GOAL OF THE EXERCISE:
Exact copy, no pictures: return only the lines below from the line with "Design Wohnzimmermöbel ~" up to and including the line with "gráfico de geração de leads".

RECORDS FOR THIS TASK:
___

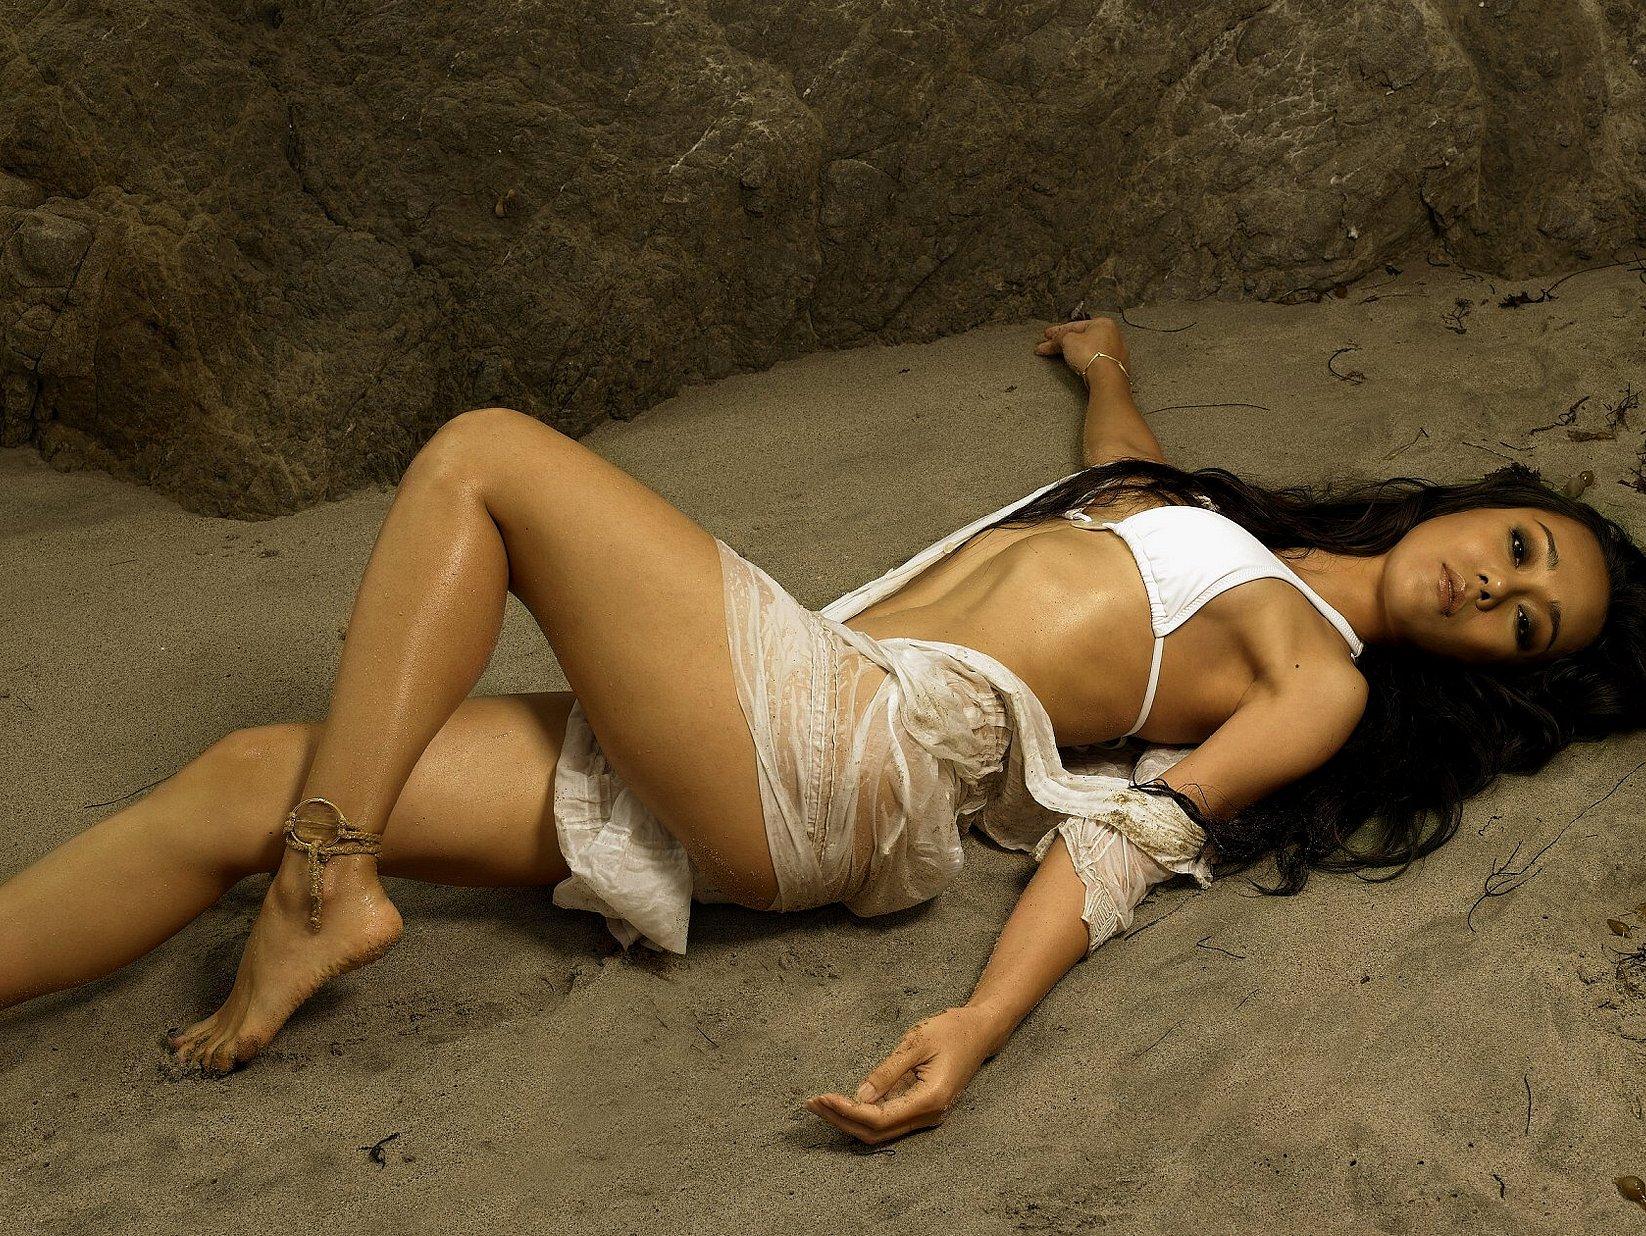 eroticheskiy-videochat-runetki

___

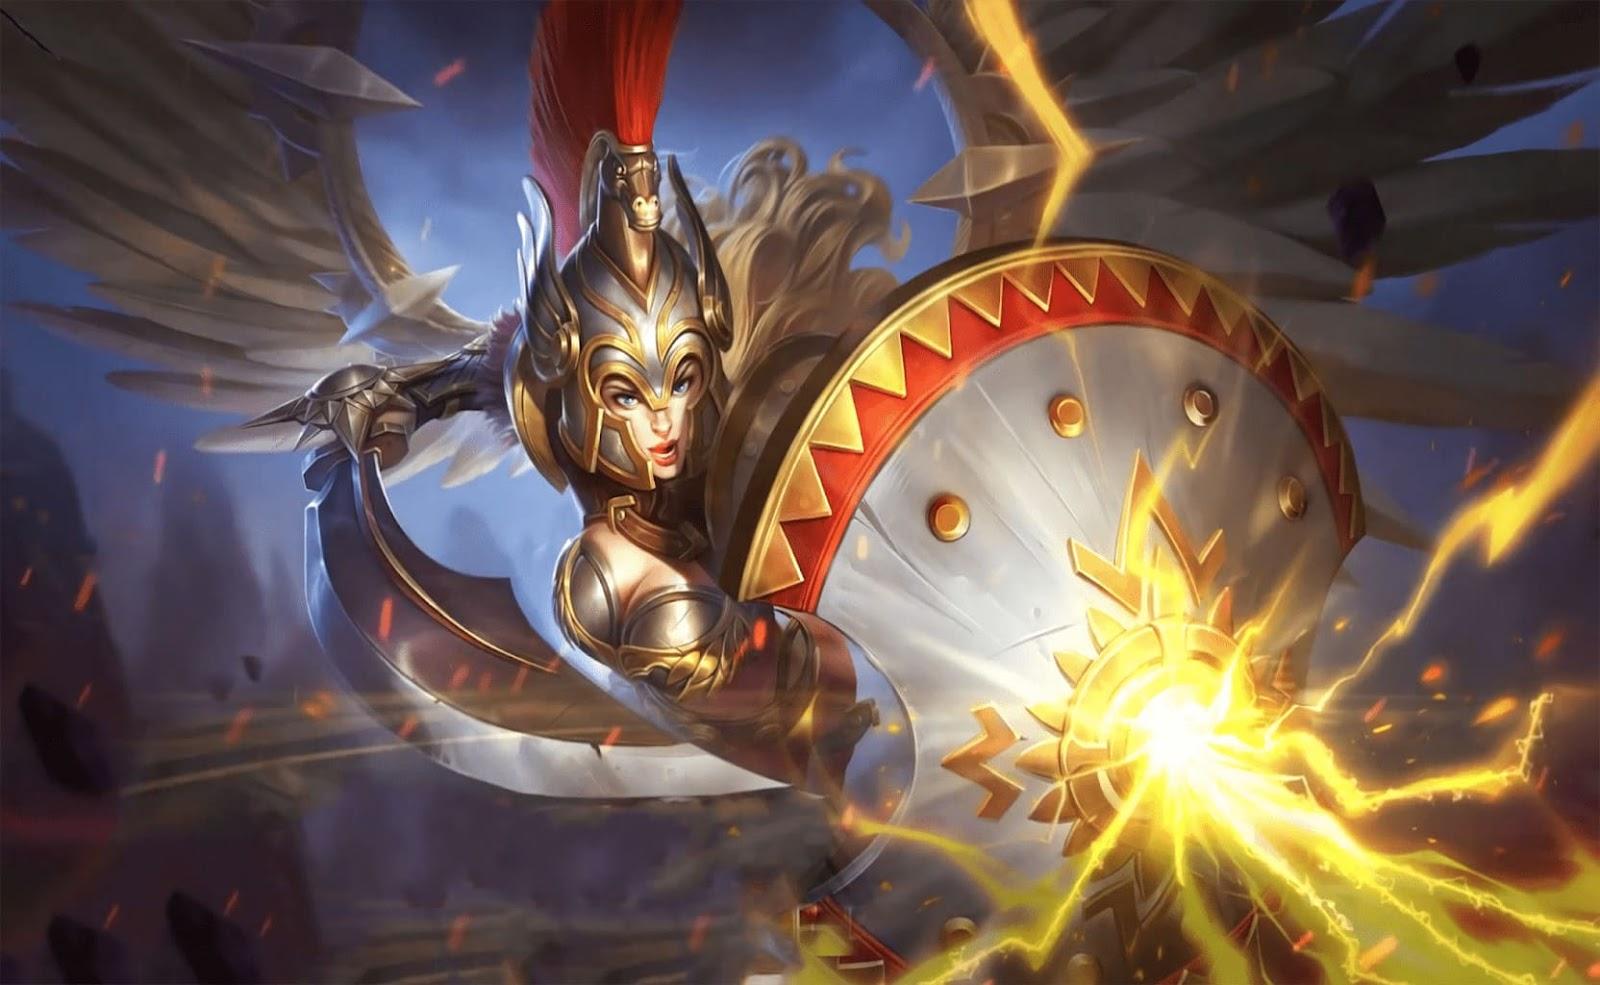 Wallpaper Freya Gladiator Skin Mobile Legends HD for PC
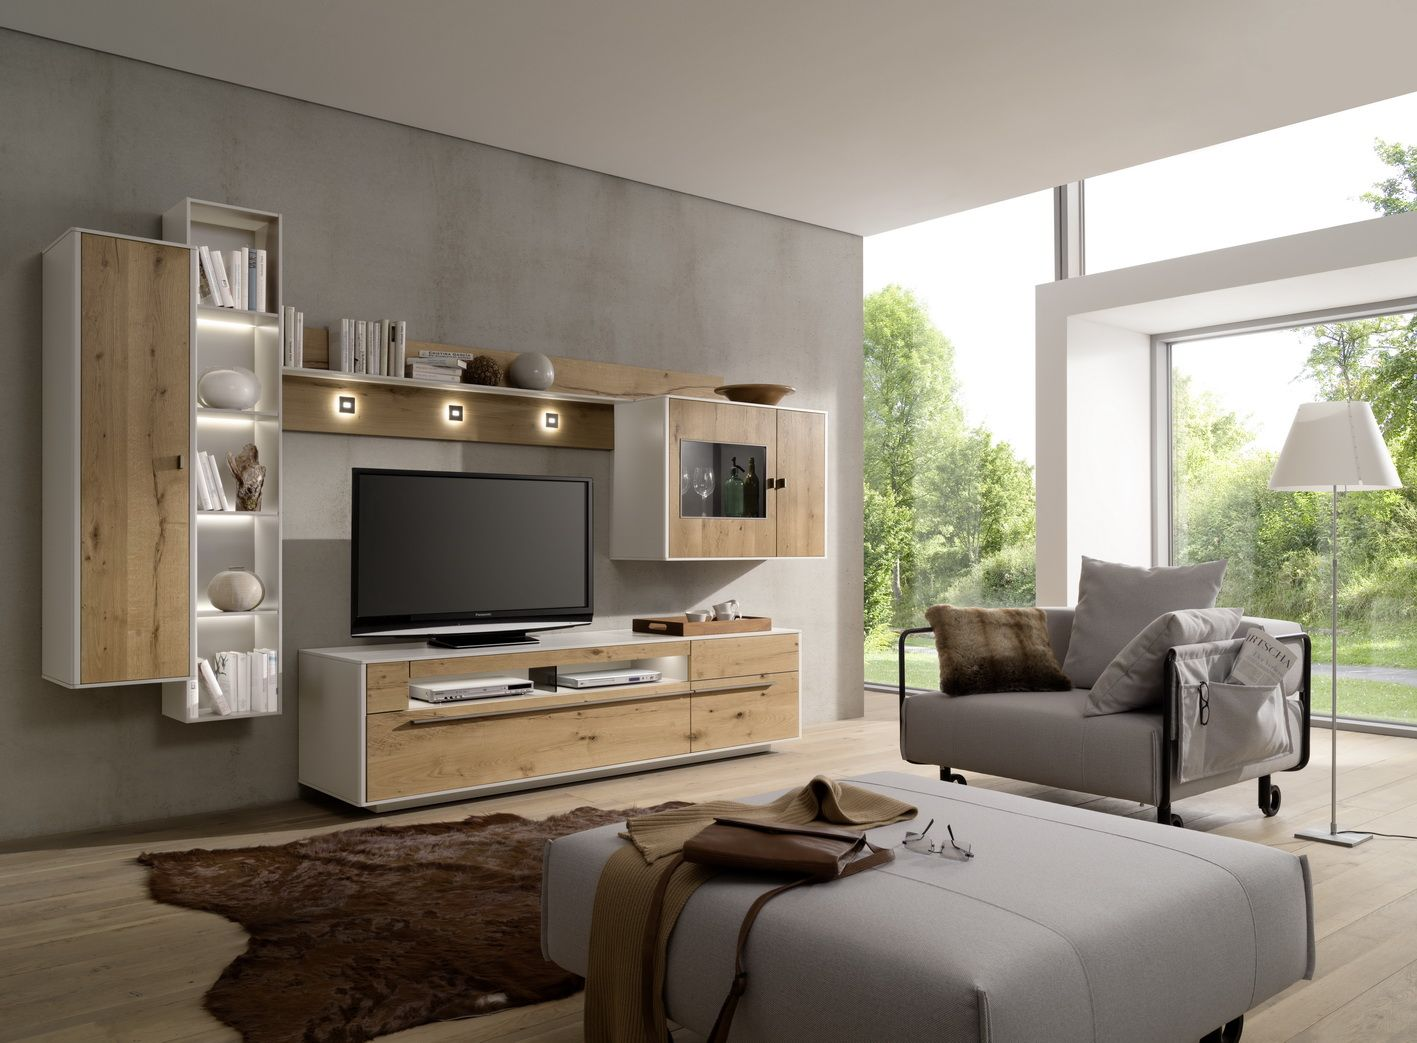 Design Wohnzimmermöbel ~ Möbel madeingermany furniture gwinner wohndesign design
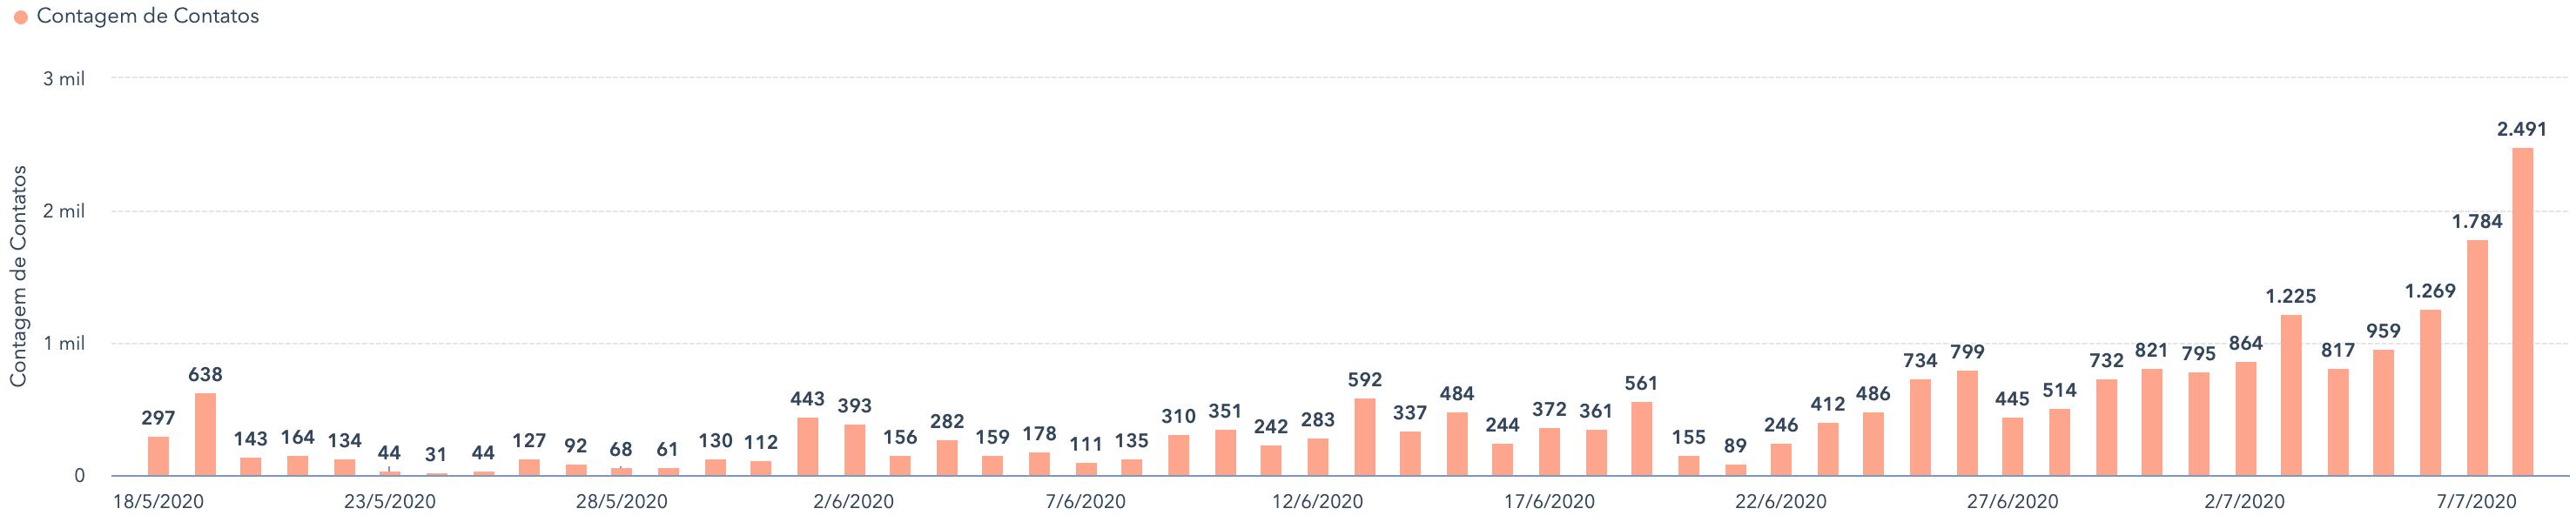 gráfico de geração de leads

___

OUTPUT BELOW:
 Design Wohnzimmermöbel ~ Möbel madeingermany furniture gwinner wohndesign design
 gráfico de geração de leads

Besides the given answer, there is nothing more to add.